The Investigation of the Infertile Male

by Mickey S. Coffler, MD, FACOG

Mickey S. Coffler, MD, FACOG

Infertility affects approximately 15% of couples. The male partner is responsible in about 30 to 50% of cases. This document will discuss the evaluation of the male partner when male factor infertility is suspected.

The primary test of male reproductive function is the semen analysis. The specimen is obtained by masturbation and collected into a clean container following two to five days of abstinence. To prevent sperm deterioration prior to analysis, the specimen needs to be kept at body temperature and brought to the lab for evaluation within an hour of production. Many fertility centers, including HRC Fertility, maintain dedicated facilities for specimen collection in a private setting. This facilitates immediate specimen processing and avoids the exposure of the sperm to potential environmental modifiers.

The basic semen analysis includes an assessment of its volume, sperm concentration, the percent motility, and the percentage of normal shapes (morphology). The presence of immature sperm cells and inflammatory cells is also noted. The normal range can be slightly variable among laboratories and it is typically included with the report. More recently, the sperm morphology is evaluated according to stringent criteria developed by Kruger. This newer method helps to better predict the fertilization potential of sperm when used in fertility treatments. Additionally employed methods for sperm evaluation include assessment of the percentage of DNA fragmentation and testing for anti-sperm antibodies. There are other less commonly used sperm tests (sperm penetration assay, etc.) that lack specificity and standardization. Those will not be discussed in this document.

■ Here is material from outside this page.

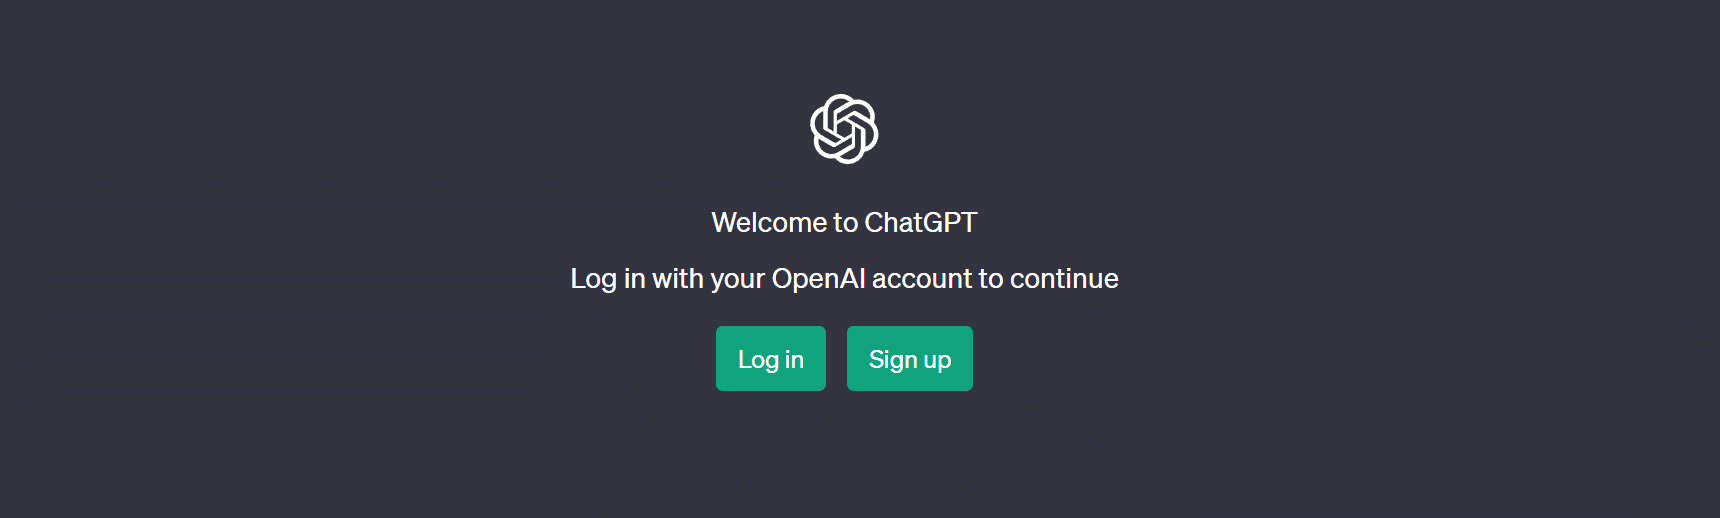 Ikona przedstawiająca zrzut ekranu / obraz logowania do ChatGPT

An abnormal semen analysis that is confirmed on repeated testing should prompt a complete evaluation of the male partner. The goals of this evaluation are to:

• Help the patient better understand the basis for his fertility problem

• Distinguish conditions that are correctable when applying specific and less expensive therapies versus those that require advanced assisted reproductive technologies

• Correctly diagnose those situations where critical medical conditions underlie the infertility (pituitary or cranial tumors, testicular cancer)

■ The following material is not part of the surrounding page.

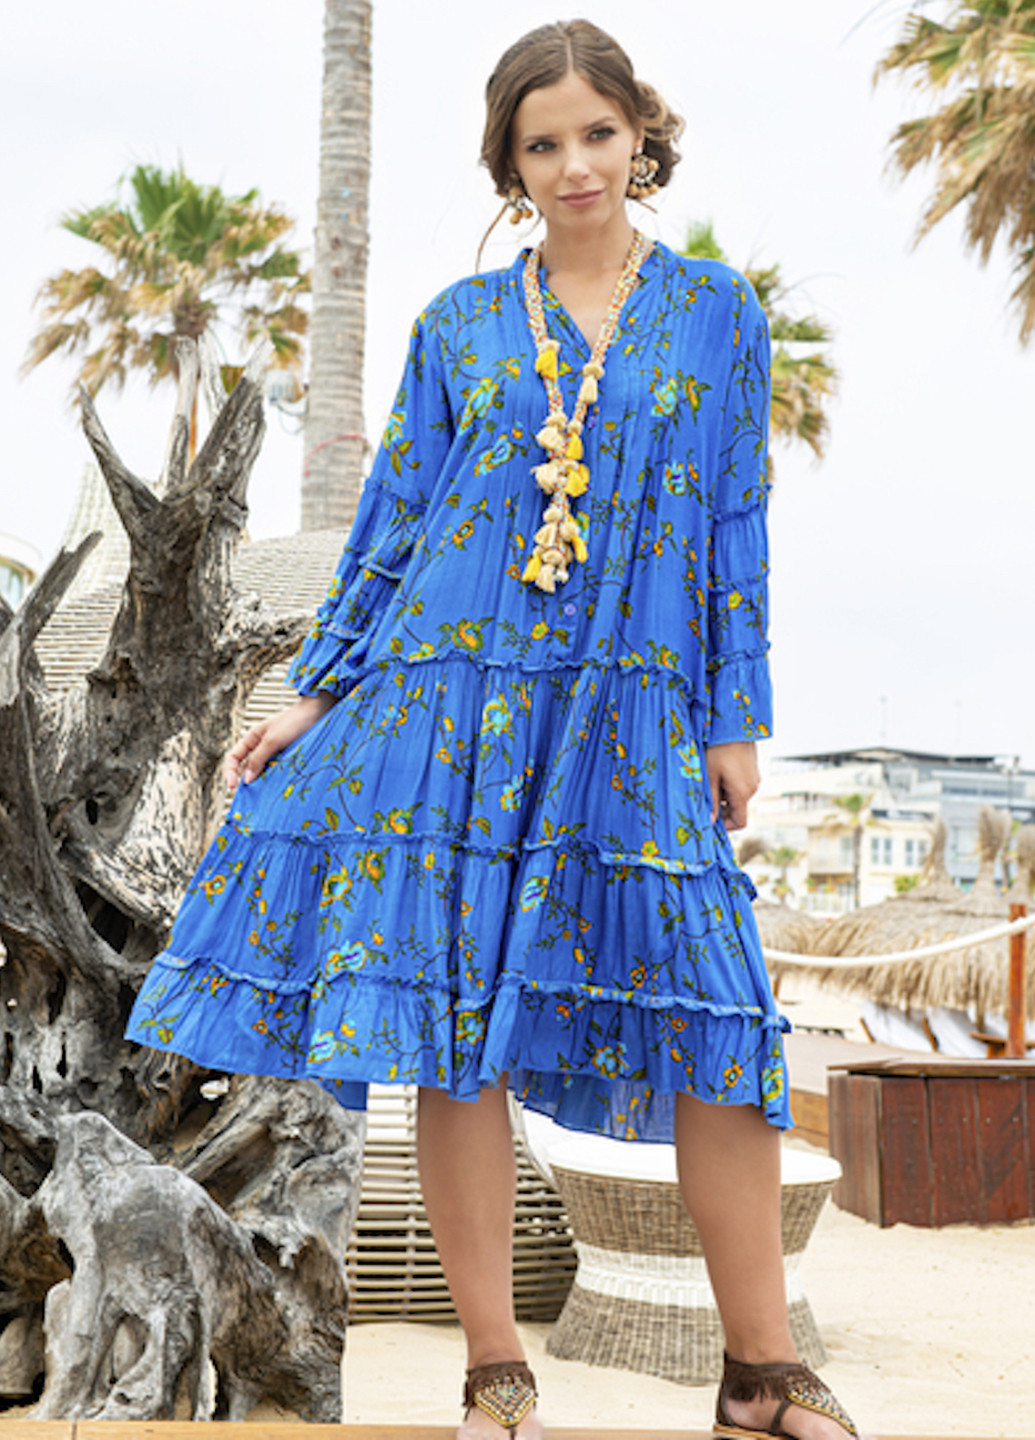 Синее пляжное платье клеш Indiano с цветочным принтом

• Identify hereditary aberrations that might be transmitted to the offspring

Typically, initial screening includes a general medical and reproductive history. Focus is placed on fertility history, past medical and surgical histories, family history,medications, allergies, infections and sexually transmitted diseases. Heavy smoking, alcohol, and drug abuse are important factors that negatively affect sperm parameters and function. An occupational history is important in eliciting potential work related and environmental causes for sperm pathology.

The exam includes a general physical and a targeted exam of the genitalia. Attention is given to penile and urethral anatomy and scrotal contents. In particular, testicular location, size, and consistency are evaluated, and any pathology of the ducts that conduct the sperm from the testicles (epididymides and vasa) to the penile urethra is carefully assessed. At this time, abnormally dilated scrotal blood vessels (varicocele) may also be noted. The examination may include a rectal exam for the size and consistency of the prostate gland if infection is suspected.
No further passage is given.